Lea Mimba Pregnancy Clubs: Findings from an Evaluation of the Group ANC Model
Lea Mimba Pregnancy Clubs: Findings from an Evaluation of the Group ANC Model
By: Shafia Rashid and Kate Ramsey
Judy Moraa is one of many women who participated in the Lea Mimba Pregnancy Clubs at one of six health facilities in Kakamega County in western Kenya. Lea Mimba, which means “take care of your pregnancy” in Swahili, is a forum where the same health provider and pregnant women come together over the course of a pregnancy, allowing Judy and others to learn essential information, practice self-care, and provide each other with emotional and social support to cope with the stresses of pregnancy.
Beginning in 2017, Management Sciences for Health (MSH) worked in close partnership with the national ministry of health, the county health management team, the national nurses association (the Kenya Progressive Nurses Association or KPNA), and M4ID, a social impact design company specializing in development and health, to test the effects and acceptability of the Lea Mimba Pregnancy Clubs. This innovative group model for antenatal care (ANC) is more responsive to women’s needs for social support without overburdening health providers. Over the course of 10 months, more than 1,600 women were enrolled in 177 Lea Mimba clubs across the six project sites.
Using mixed qualitative and quantitative methods, we assessed the effects of the group ANC model on:
ANC retention
- Knowledge of healthy behaviors during pregnancy
- Number of birth preparations made (including saving money, arranging for transport, and preparing items for the baby)
Overall satisfaction with ANC services
Women’s empowerment
Information was collected through a survey, focus groups and interviews with women and other stakeholders including county health officials, health providers, facility managers, and community health volunteers, to understand the model’s acceptability and its effects on the quality of antenatal care. Through observations and time diaries we assessed the operational requirements for introducing and sustaining the pregnancy clubs, including workflow and context mapping.
Overall, the findings were mixed, with positive effects in some areas and no statistically significant effects in others:
- We found an improvement in the proportion of women who completed four or more ANC visits in the six project sites: overall, 69.6% of women in the sample attended four or more ANC visits, which included 3 or more group ANC visits and their first individual ANC visit in which they were assigned to a Lea Mimba session. This is an improvement from the baseline value of 50% from the national health management information system (HMIS) and for Western Kenya at 51.3% (Kenya Demographic Health Survey 2014). However, these figures should be interpreted with caution as they were measured differently.
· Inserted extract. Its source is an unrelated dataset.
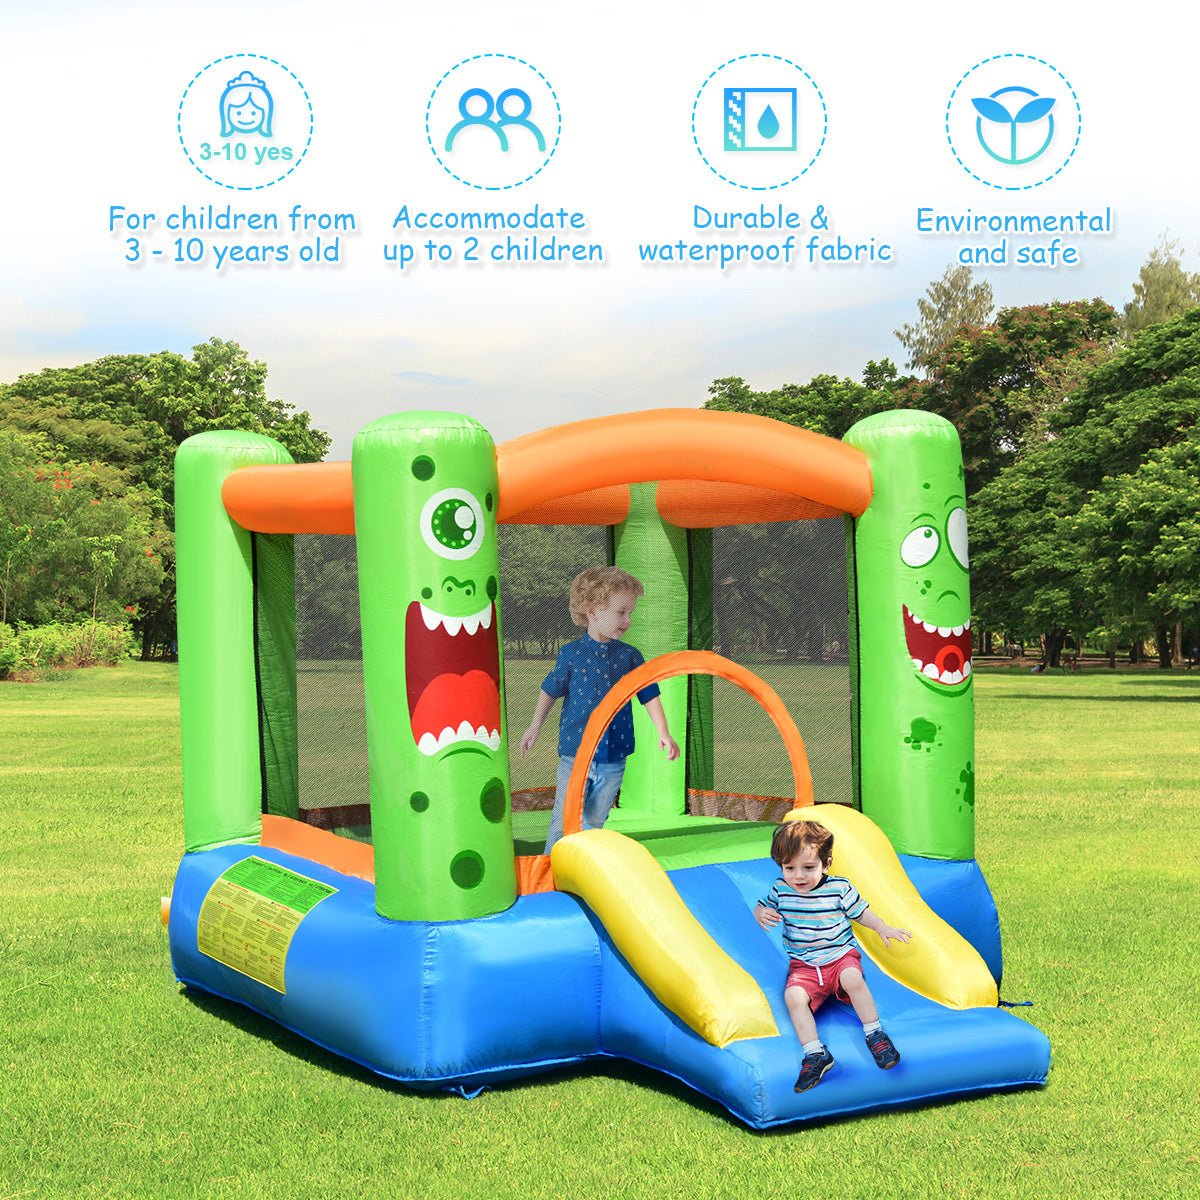 Playtime Excitement: Inflatable Bounce House with Basketball & Slide for Kids

- Satisfaction with ANC services among survey respondents almost doubled from baseline to endline in all respondents, and this effect was even greater in respondents under age 25.
- Survey respondents were almost twice as likely to have made two birth preparations at endline compared to baseline, an improvement from 33.0% to 48.9%.
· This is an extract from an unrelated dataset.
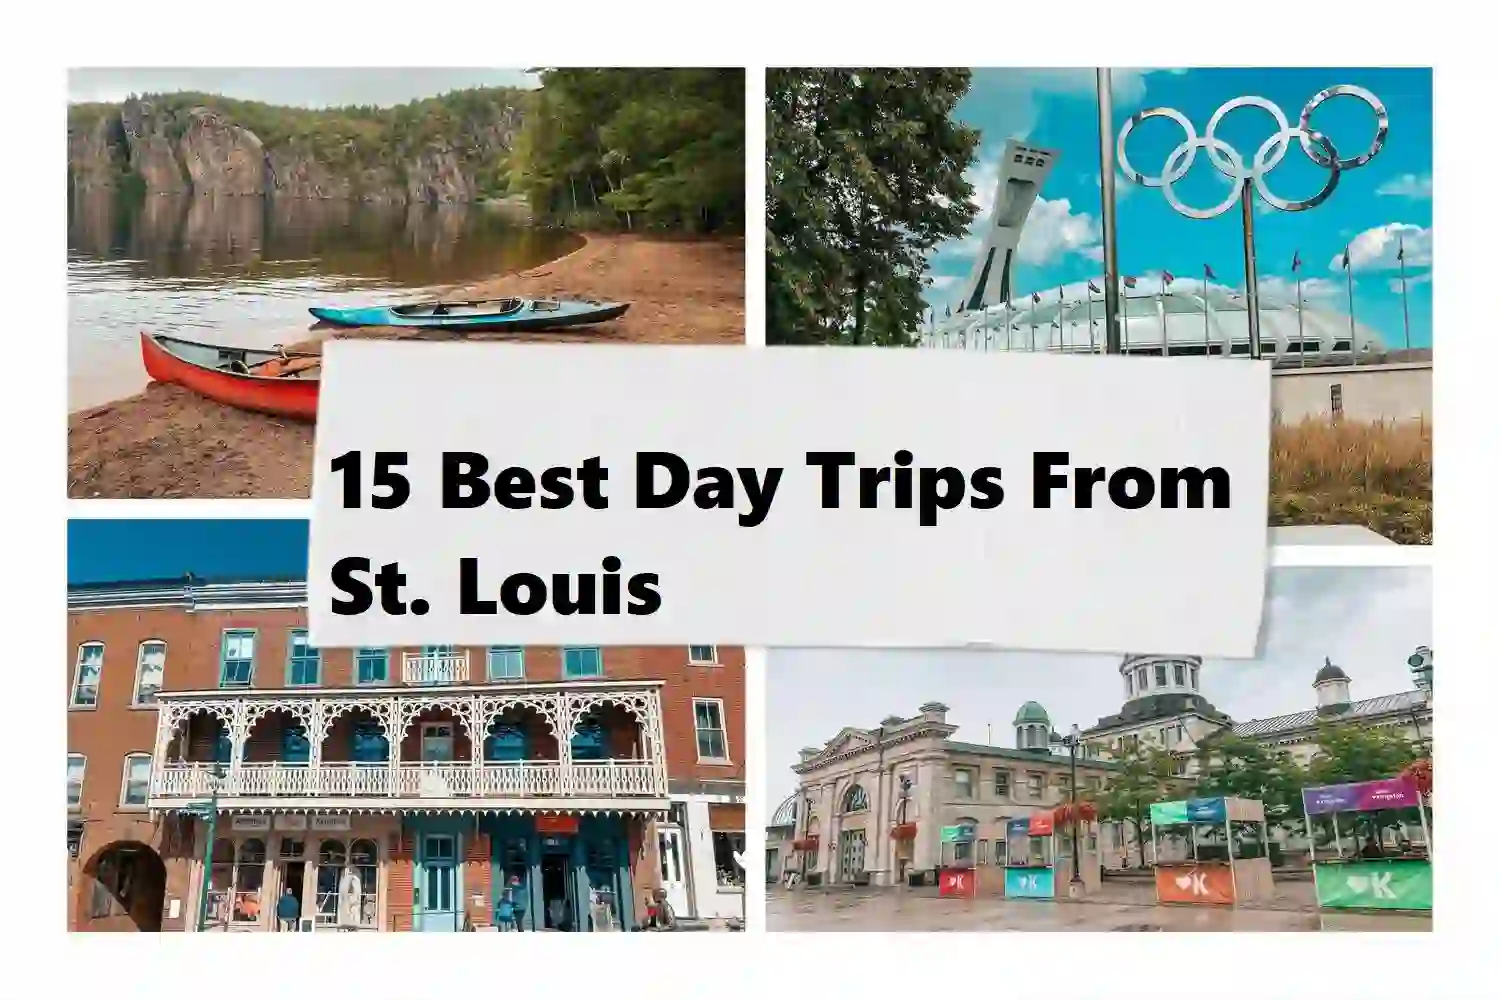 15 Best Day Trips From St. Louis

- However, we found no difference in women’s knowledge of ways to improve or maintain health between baseline and endline, and no evidence in a change in empowerment between baseline and endline, using a measure developed for Malawi and Tanzania.
- Time diaries indicated that women attending the pregnancy clubs spent substantially more time at the health facility compared to those receiving traditional ANC. Not only due to the increased time spent in counseling, but also due to time spent waiting for club sessions to begin.
- At the request of the national ministry of health, we tested the feasibility of an 8-visit model recommended by WHO in its 2016 guidelines; we found that the mean number of ANC visits across all facilities was 4.92 visits.
Qualitative data shows that the pregnancy clubs were acceptable to women, health care providers, and other stakeholders. All respondents appreciated the facilitated learning style, which provided practical knowledge and promoted mutual learning between women and health providers around, for example, community beliefs on pregnancy and childbirth.
Women also discussed the social support they received from other women and from the health provider, how it enabled problem-solving and coping skills and created a safe space for discussion and sharing. However, implementation challenges, including long waiting and staffing shortage, made it less acceptable for some.
The implementation period was likely too short to see the full effects of the model at the facility and population level. Additional research can help us better understand the intermediate pathways leading to observed changes in utilization and practice of healthy behaviors. For example, while women described changes in learning and empowerment during qualitative interviews, those results were not replicated in the quantitative measurements, indicating a need to more accurately measure changes in beliefs and behavior related to self-efficacy and social support.
Learn more about the findings and lessons learned from the project’s implementation:
Pregnancy Clubs reflects an important change in how ANC services are delivered and organized and how health providers and women interact with each other. While this approach holds promise for better meeting the social support and informational needs of pregnant women and for improving the quality and coverage of ANC, further efforts to address the logistical and operational elements are needed to ensure that challenges are addressed and that group ANC can be scaled and sustained.